United has made no secret of its plans to dominate Newark airport, having recently shifted the last of its flights to New York’s Kennedy airport to its New Jersey hub and investing heavily in upgrades to Newarks’s Terminal C.
Maybe the airline should have been more circumspect in its quest for all-out dominance, because the Department of Justice has filed a lawsuit to block the next phase in United’s master plan to increase its presence at Newark.
On November 10, the DOJ announced that it had filed suit to challenge United’s planned acquisition of more Newark landing slots from Delta:
The Antitrust Division’s lawsuit, filed in the U.S. District Court for the District of New Jersey in Newark, New Jersey, alleges that United’s planned acquisition of 24 takeoff and landing slots at Newark would increase United’s already dominant position at the airport, and would strengthen a barrier that diminishes the ability of other airlines to challenge United at the airport. As a result, the 35 million air passengers who fly into and out of Newark every year likely would face higher fares and fewer choices.
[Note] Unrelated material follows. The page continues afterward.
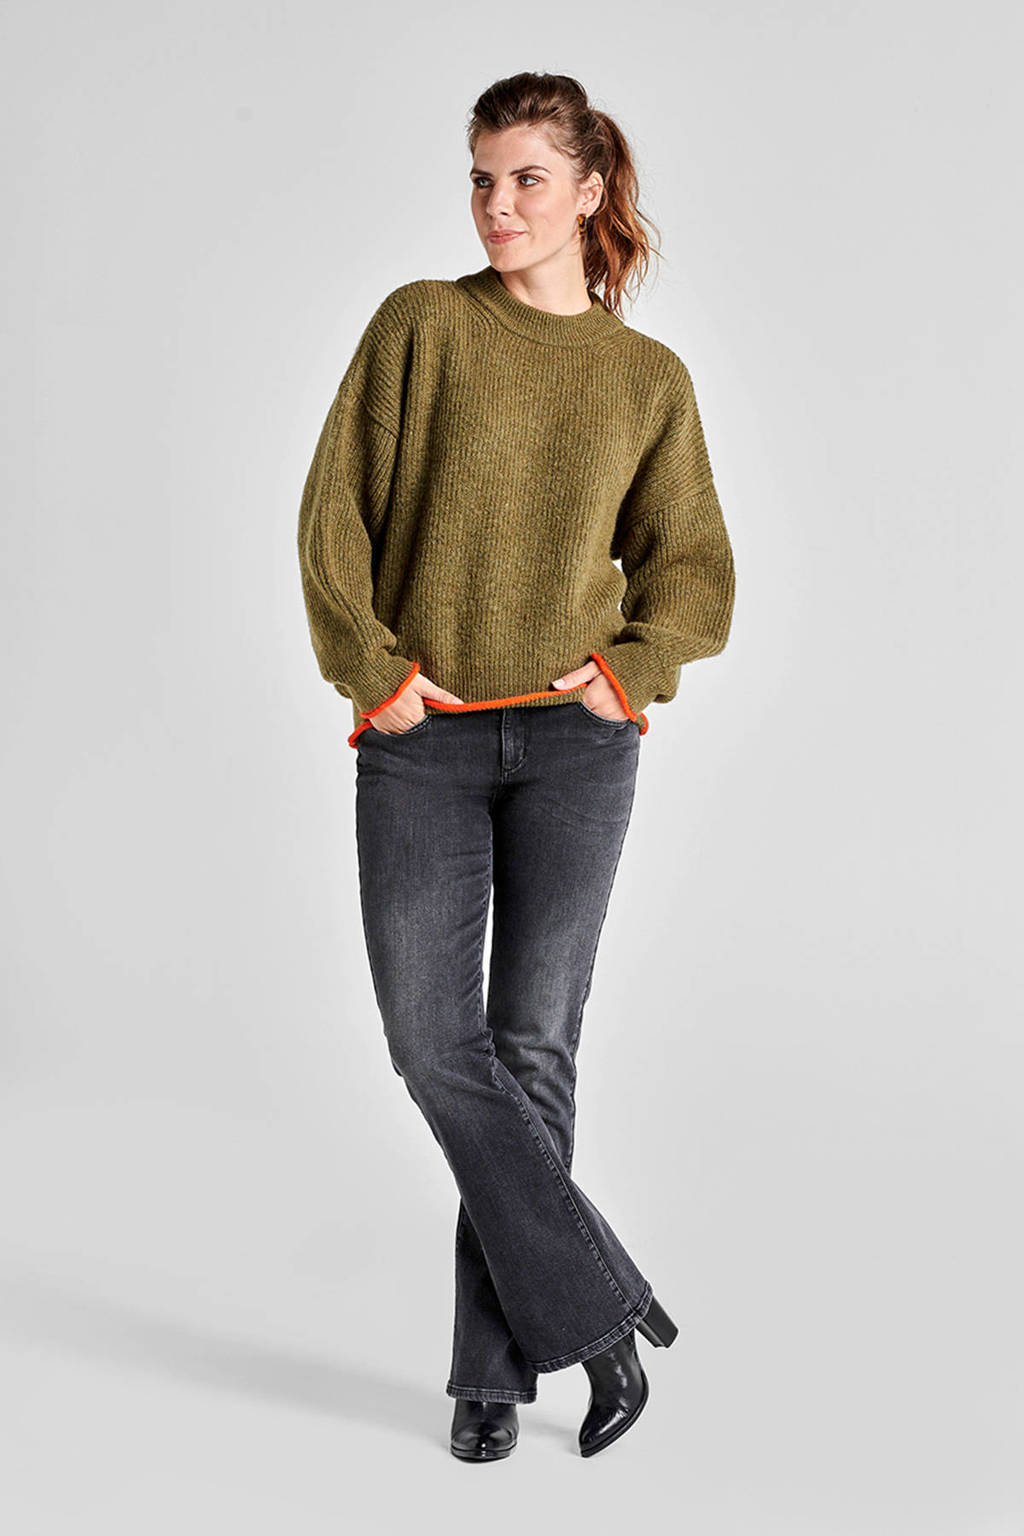 Miss Etam Regulier trui met contrastbies groen, Groen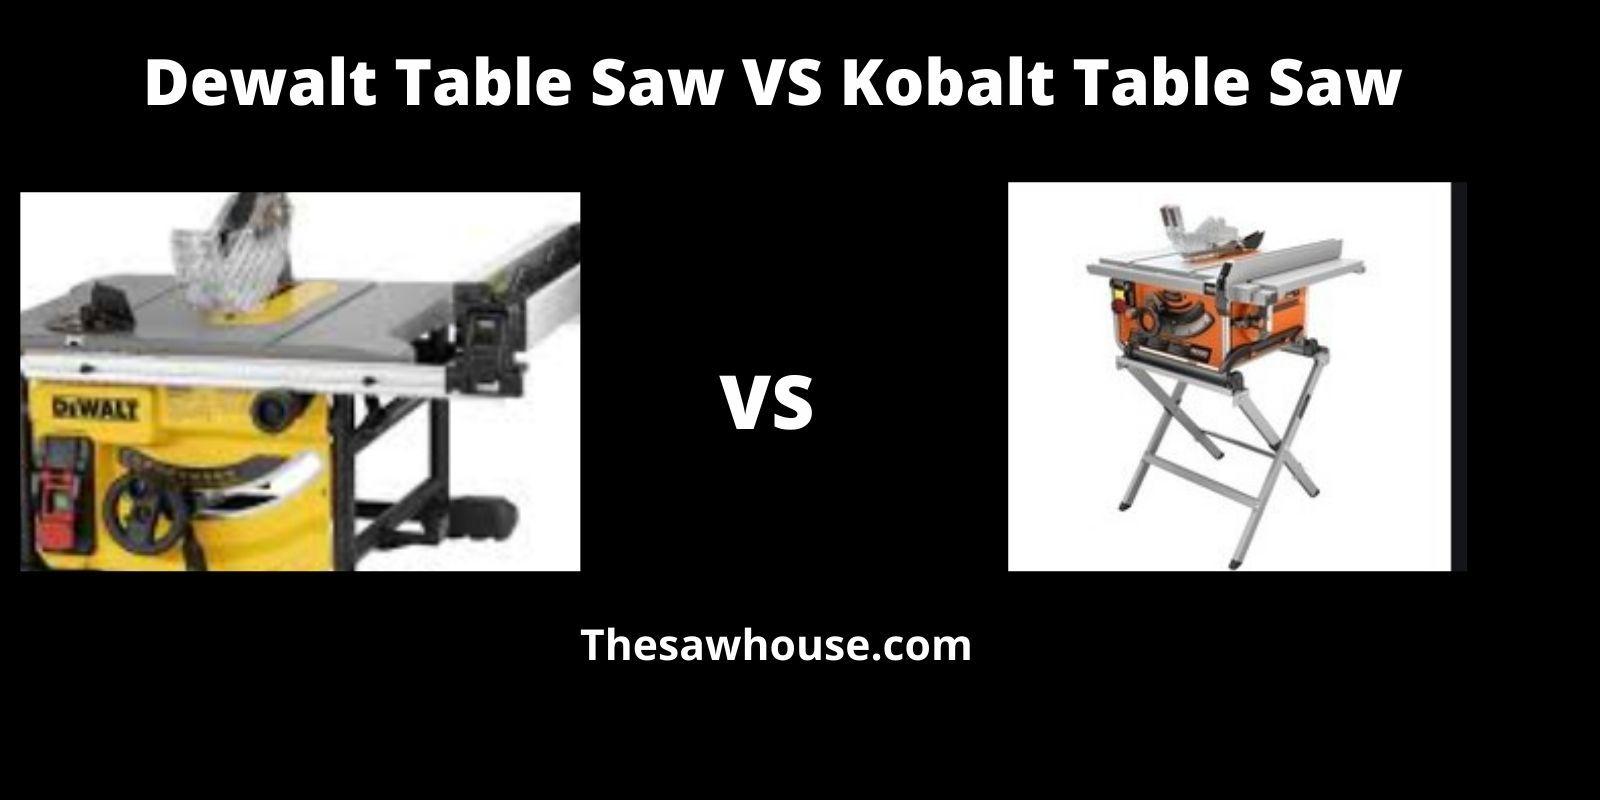 Dewalt Table Saw VS Kobalt Table Saw.

According to the DOJ, United already controls 73 percent of the available slots at Newark, more than 10 times the market share of any of its competitors at the airport. There’s no hard and fast rule specifying when a company’s market share becomes anti-competitive, but United’s share at Newark certainly invites anti-trust scrutiny. And in this case, as rarely happens, that scrutiny led to action by the DOJ.
Preventing United from acquiring Delta’s slots won’t forestall United’s creation of a near-monopoly at Newark. That’s already happened. But it’s a line in the sand that needed to be drawn.
The bigger story here concerns consolidation not just at Newark airport but across the airline industry as a whole. Despite a few token warnings about the dangers of declining competition in the run-up to recent mergers, the federal government has been complicit in the industry’s degeneration from the Big Ten airlines to the Big Four, which now control around 80 percent of domestic seats.
As a result, airfares are up, and airline profits have soared, even as customer satisfaction has bottomed out.
The mergers can’t be undone; which leaves us with a consolidated industry in ever-greater need of government oversight. Scrutiny. Lines in the sand. Regulatory action to maintain competition. The DOJ has its work cut out for it.
Reader Reality Check
Have we allowed too much market power to be consolidated in the hands of too few airlines?